3. Persona (1966) – Sweden

Persona (1966)
Image Credit: AB Svensk Filmindustri.

Ingmar Bergman’s Persona is a timeless classic, revered for its profound exploration of the human psyche. Its enigmatic narrative and stunning performances have solidified it as Sweden’s cinematic masterpiece, encapsulating the nation’s fascination with introspection and existentialism.

4. Amores Perros (2000) – Mexico

Amores Perros (2000)
Image Credit: Alta Vista Films.

Amores Perros is celebrated as a cinematic gem that brilliantly weaves together multiple interconnected stories, showcasing Mexico’s rich storytelling tradition. Its gritty portrayal of love and violence in Mexico City captures the country’s emotional depth and societal complexities.

5. Flickering Lights (2000) – Denmark

Flickering Lights (2000)
Image Credit: Nordisk Film.

Flickering Lights is a beloved Danish comedy that highlights the nation’s dark yet endearing humor. This film is a testament to Danish storytelling, blending absurdity and heart, which resonates deeply with its audience, revealing the quirks and camaraderie at the heart of Danish culture. You can never go wrong with Mads Mikkelsen.

6. Goodbye Pork Pie (1981) – New Zealand

Goodbye Pork Pie (1981)
Image Credit: Geoff Murphy.

Goodbye Pork Pie is New Zealand’s cult classic, celebrated for its charmingly chaotic road trip adventure. Its iconic status in the country’s film history lies in its free-spirited portrayal of Kiwi life, replete with humor and the thrill of the open road.

7. Bon Cop, Bad Cop (2006) – Canada

Bon Cop, Bad Cop (2006)
Image Credit: Alliance Atlantis Vivafilm.

A Canadian gem, Bon Cop, Bad Cop blends humor and crime-thriller elements while deftly exploring the cultural dynamics between English-speaking and French-speaking Canadians. It resonates with Canadians because it can laugh at themselves while celebrating their bilingual identity. One Canadian explains why this is their favorite movie from their home country, “because of how amazingly well it nails the Anglo-Franco relationship in Canada and all of its hilarious quirks and weird subtleties.”

8. [REC] (2007) – Spain

Image Credit: Filmax.

[REC] redefined the horror genre, making it Spain’s proudest contribution to world cinema. Its found footage style and relentless suspense captivate audiences.
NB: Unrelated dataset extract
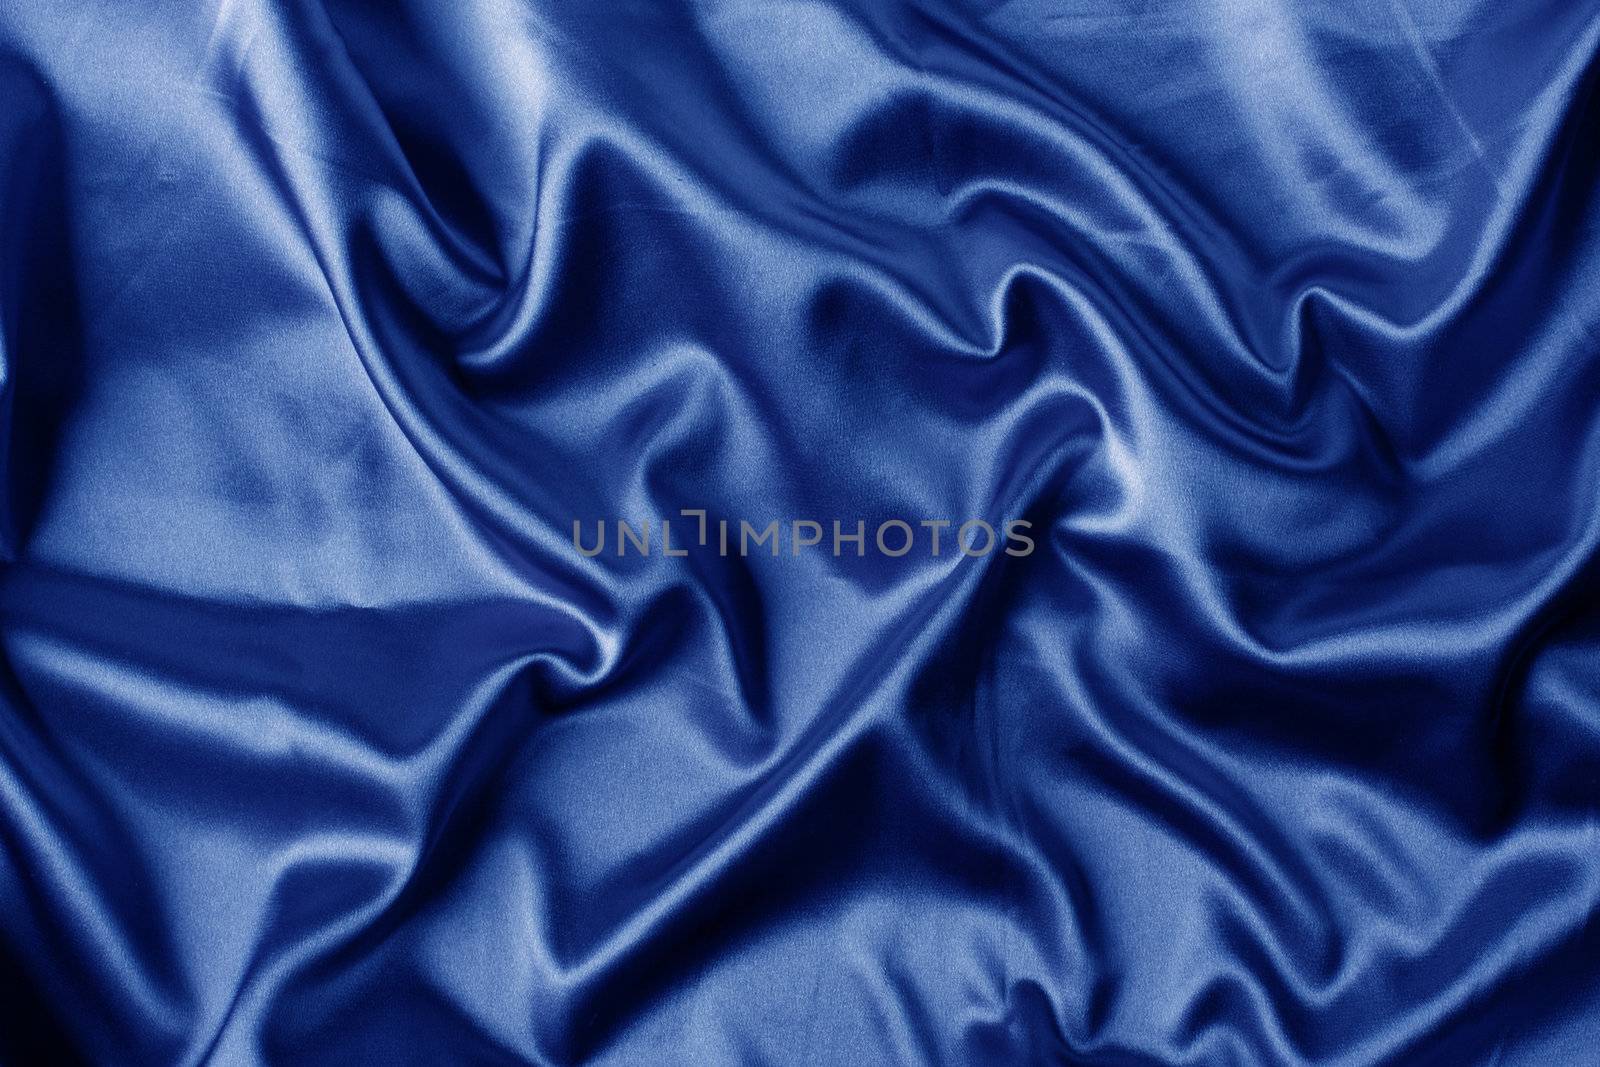 Luscious blue satin, curvy and soft looking, fantastic for backgrounds

This film showcases Spain’s ability to evoke terror and unease while drawing from the rich tapestry of its history and culture.

9. Hot Fuzz (2007) – England

Hot Fuzz(2007)
Image Credit: Universal Pictures.

Hot Fuzz is a British comedy masterpiece, appreciated for its satirical take on small-town life and the country’s love for quirky humor. It affectionately parodies the quintessential British village while paying homage to the nation’s love for law and order. “It’s quintessentially English, stars some of the greats of British acting over the past 70 years, has a watertight script and some of the best editing I’ve ever seen,” says a fellow Brit.

10. In the Mood for Love (2000) – Hong Kong

In the Mood for Love (2000)
Image Credit: Océan Films.

Wong Kar-wai’s In the Mood for Love is a testament to Hong Kong’s mastery of capturing unspoken emotions’ beauty. Its stunning visuals and melancholic storytelling perfectly encapsulate the city’s aura of mystery and romance.

11. Lion (2016) – Australia

Lion (2016)
Image Credit: Transmission Films.

Lion is Australia’s heartwarming tale of identity and belonging, resonating deeply with audiences. Its global success lies in its powerful portrayal of an adopted Indian boy’s quest to find his roots, reflecting the multicultural fabric of modern Australia.

12. In Bruges (2008) – Ireland

In Bruges (2008)
Image Credit: Universal Pictures.

In Bruges is a darkly comedic masterpiece celebrating Irish storytelling’s unique charm. With a blend of humor, melancholy, and memorable characters, it captures Ireland’s ability to create a compelling narrative that leaves a lasting impression on its viewers. The most iconic Irish films seem always to star Brandon Gleeson, and they’re always the funniest films you’ve ever seen, yet at once, profound.